滝は、はっとする。あの時の少女に、間違いなかった。
少女は、当然のように滝の元に歩み寄り、こう言った。
「あたし、このおじさんに売春を強要されました。強引にラブホテルに連れ込まれて…それで…」
滝を指差し、涙混じりに訴える。
「な、何を、!?」
滝は、思わず立ち上がった。室内のざわめきが、最高潮に高まる。
「ありがとう。なかなかの名演技だったわ」
会社近くの喫茶店で少女と待ち合わせた知香子は、そう言って封筒を手渡した。中には、十万円ほど入っている。
「ちょっと緊張したけど…何か楽しかったわ」
少女は、封筒の中味を確認しながら、ペロリと舌を出した。
全ては、あの会社から滝を追いやる為に、知香子が企てた策略なのである。
「でも…あのおじさんって、やっぱりクビになっちゃうわけ?」
「そうね。役員達全員の前で、未成年への売春強要が発覚したんだもの…それは免れないわ」
「そっかぁ…」
少女は、溜め息をついた。
「何?まさか、あの男に同情でもしてるって言うの?」
知香子は、嘲るような口調で言った。
「別に、そんなわけじゃないけど。ただ…本当は、ホテル行って寝ちゃっただけなのに…ちょっとやり過ぎな感じがしたの」
「いい。覚えておきなさい」
少女の言葉を遮るように、知香子が言葉を強める。少女は、驚いて目を見開いた。
「本当に欲しいものを手に入れる為には、徹底的にやらなきゃいけないの。ほんの少しでも情けをかけたりしたら、絶対に後で寝首をかかれるわ。相手の息の根が完全に止まるまで…追い詰めてやるのよ」
鬼気迫る知香子の表情に、少女の顔が蒼醒める。
静まり返ったふたりの耳に、ニュース番組のキャスターの声が入って来た。
「昨夜未明、東京都港区の路上で、障害致死事件が発生しました。現在判明しているところによりますと、死亡したのは荒井仁さん三十才と、伊原和彦さん二十九才のふたりで、警察は同現場にいた女性が詳しい事情を知っていると見て、女性から話を聞いている模様です」
「何ですって!?」
和彦の名前に気が動転した知香子は、思わずテレビに向かって叫ぶ。しかし、画面に映し出された写真は、確かに和彦と仁のものだった。

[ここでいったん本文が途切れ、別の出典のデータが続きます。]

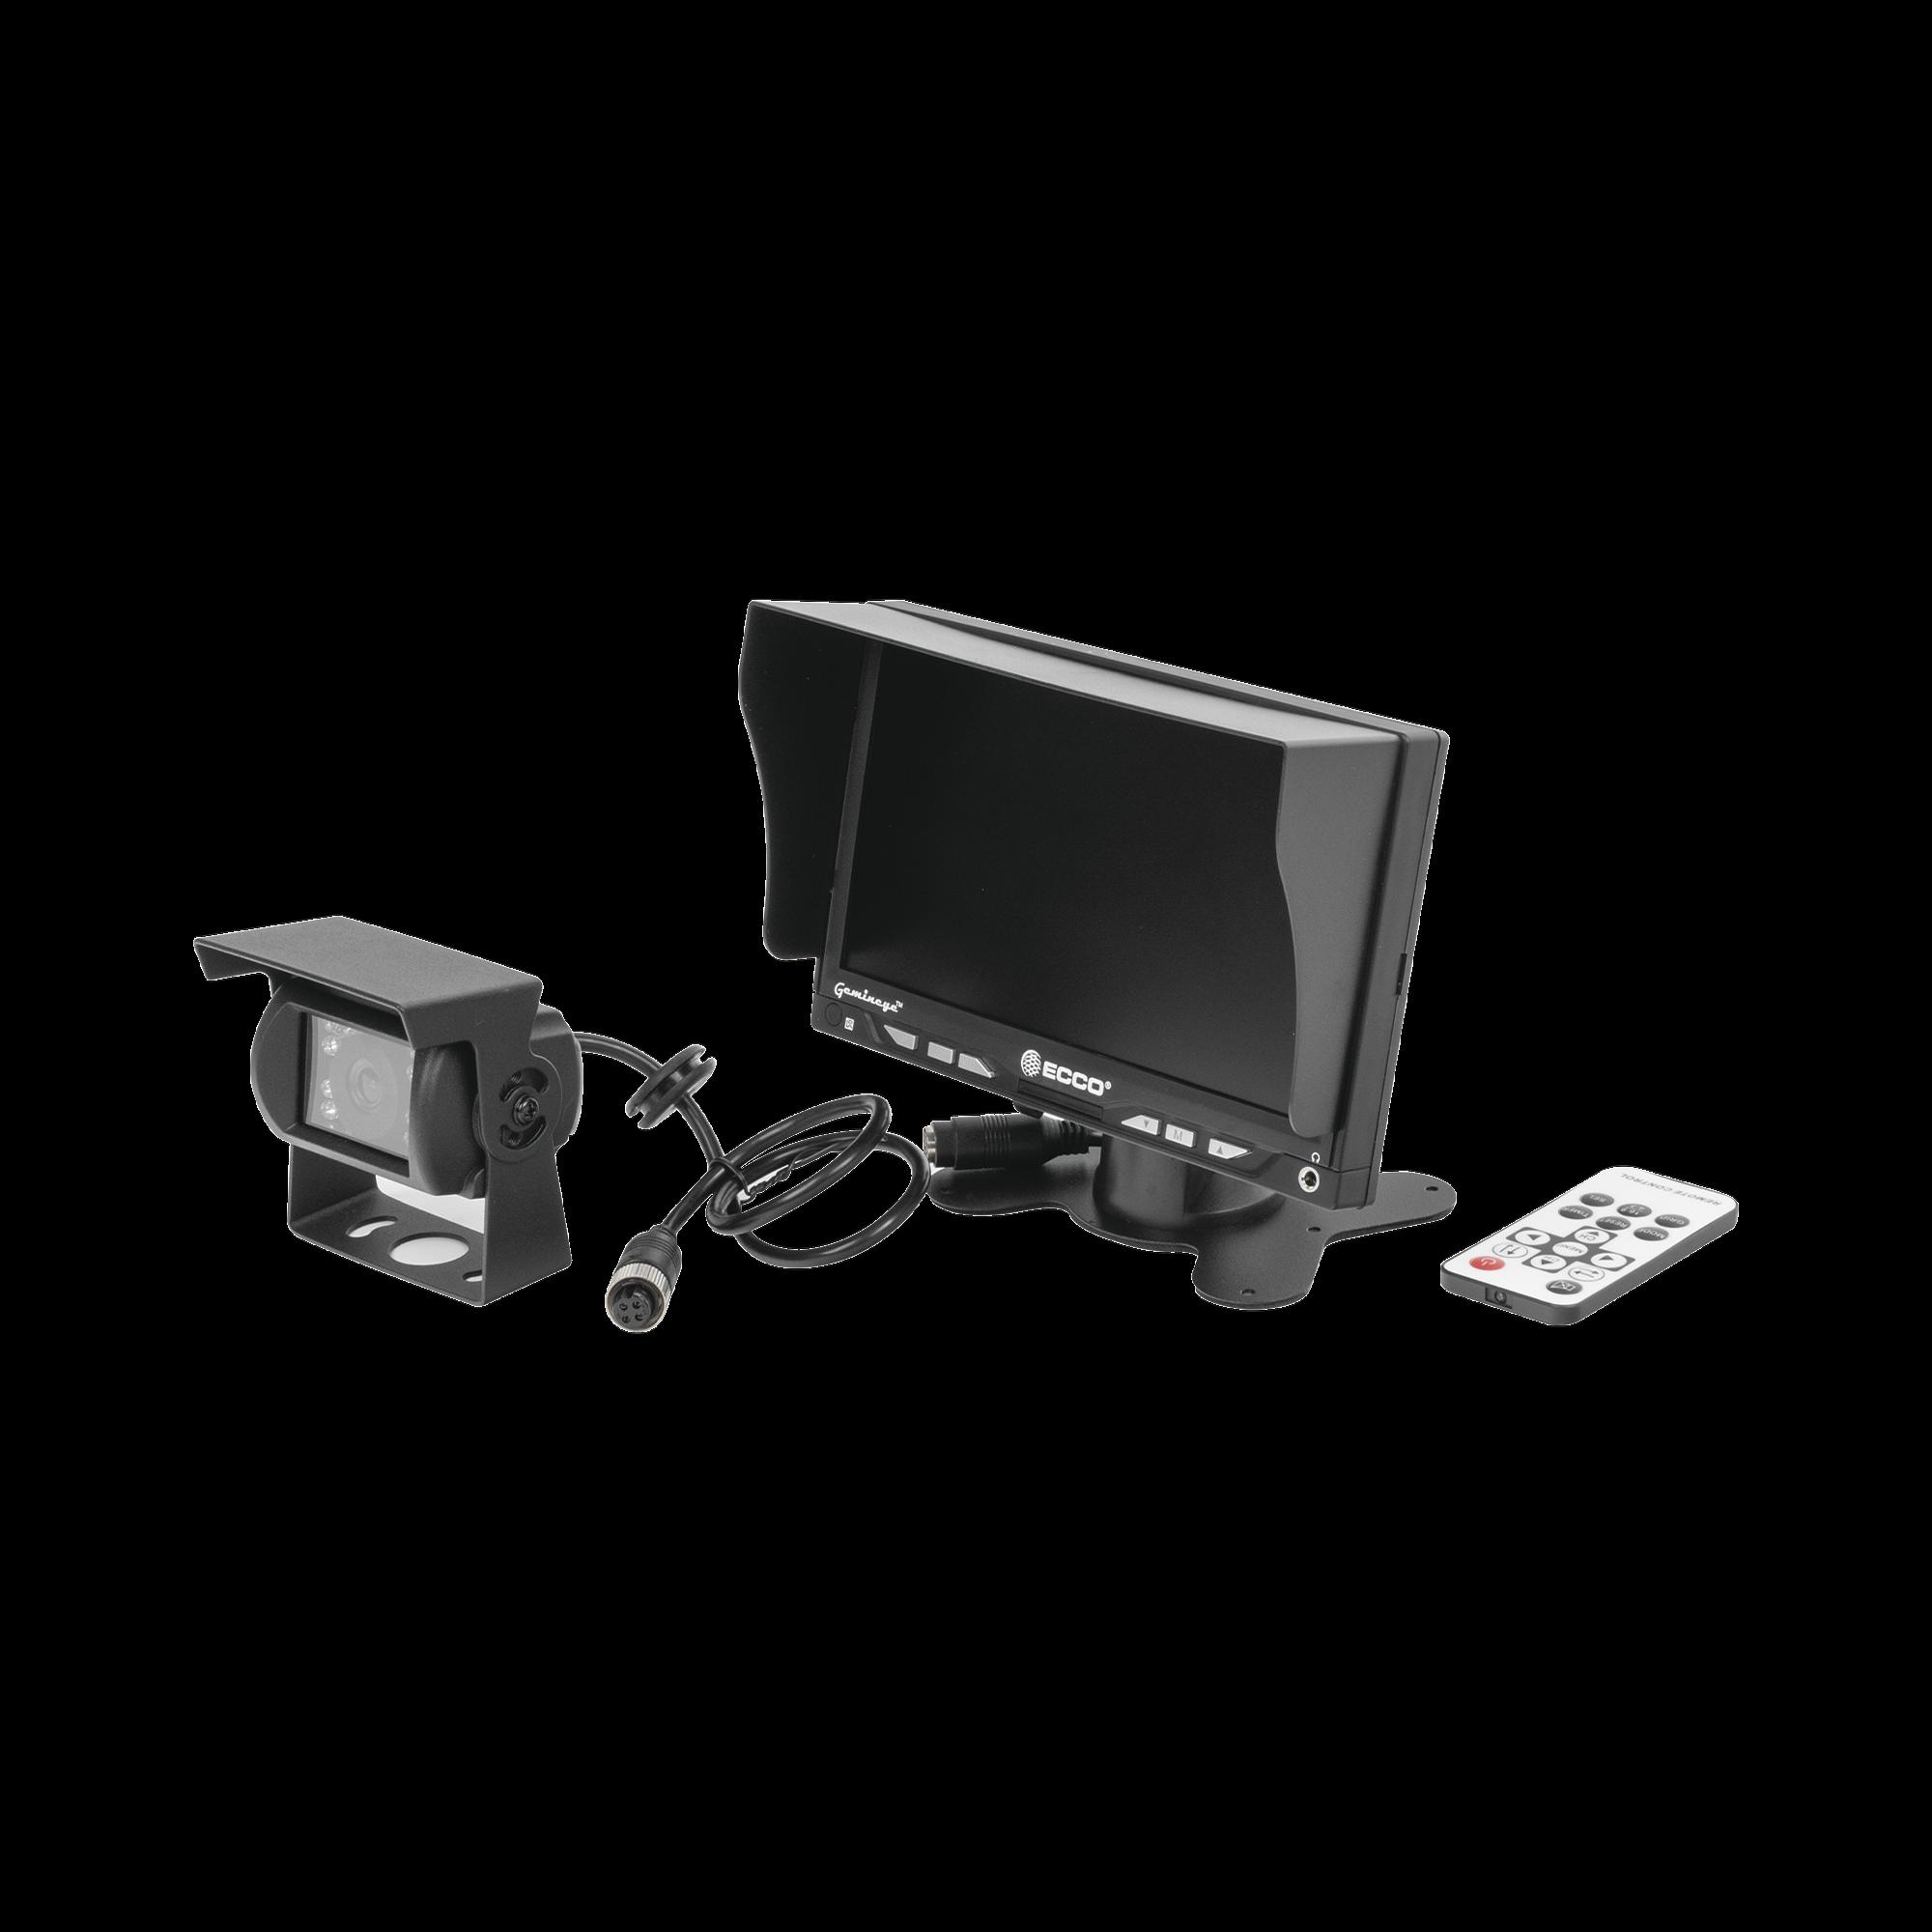 Kit basico de monitor y camara para montacargas

知永子は、拘置所の中にいた。昨夜から、取り調べを受けている。
「…で、あんたは仕返しに相手の男を刺し殺したってわけね?」
知永子の向かいに座った刑事は、知永子に確認した。
知永子は、力なく頷く。目の前のことに、全く現実感がない。まるで、悪い夢でも見続けているようだった。
「あの男が…わたしの目の前で和彦を…」
知永子は譫言のように呟く。顔を覆い、言葉を詰まらせながら泣いた。
「まあ、あんたの心情も解らなくはないけど…」
刑事は、言いながら仁の死に様を思い出す。今思い返しても、寒気がした。
仁は、まさにめった刺しの状態で殺されていた。
とても、今自分の目の前にいる、このか細い女が行った犯行とは信じられない。しかし、現場に残った状況証拠も彼女の自供を裏づけていた。
刑事は、溜め息をつく。
「…全く、女って生き物は見かけじゃ解らないもんだね。本当に…恐ろしいよ」
ひとり呟いた。
ふいに、この世の終わりのように泣いていた知永子が、口元を押さえる。吐き気を催しているのか、その場にしゃがみ込んで苦しげに咳き込んだ。
「ど、どうしたんだ!?」
驚いた刑事は、知永子の背中をさすったが、知永子の吐き気はいっこうに収まらない。
「あんた、まさか…」
ふと思い当たった刑事が呟く。知永子は、無意識に自らの腹部に手を当てた。
<この時、知永子は和彦の子供を身籠もっていた。死んだ和彦の命は、知永子の子宮を通して受け継がれたのである。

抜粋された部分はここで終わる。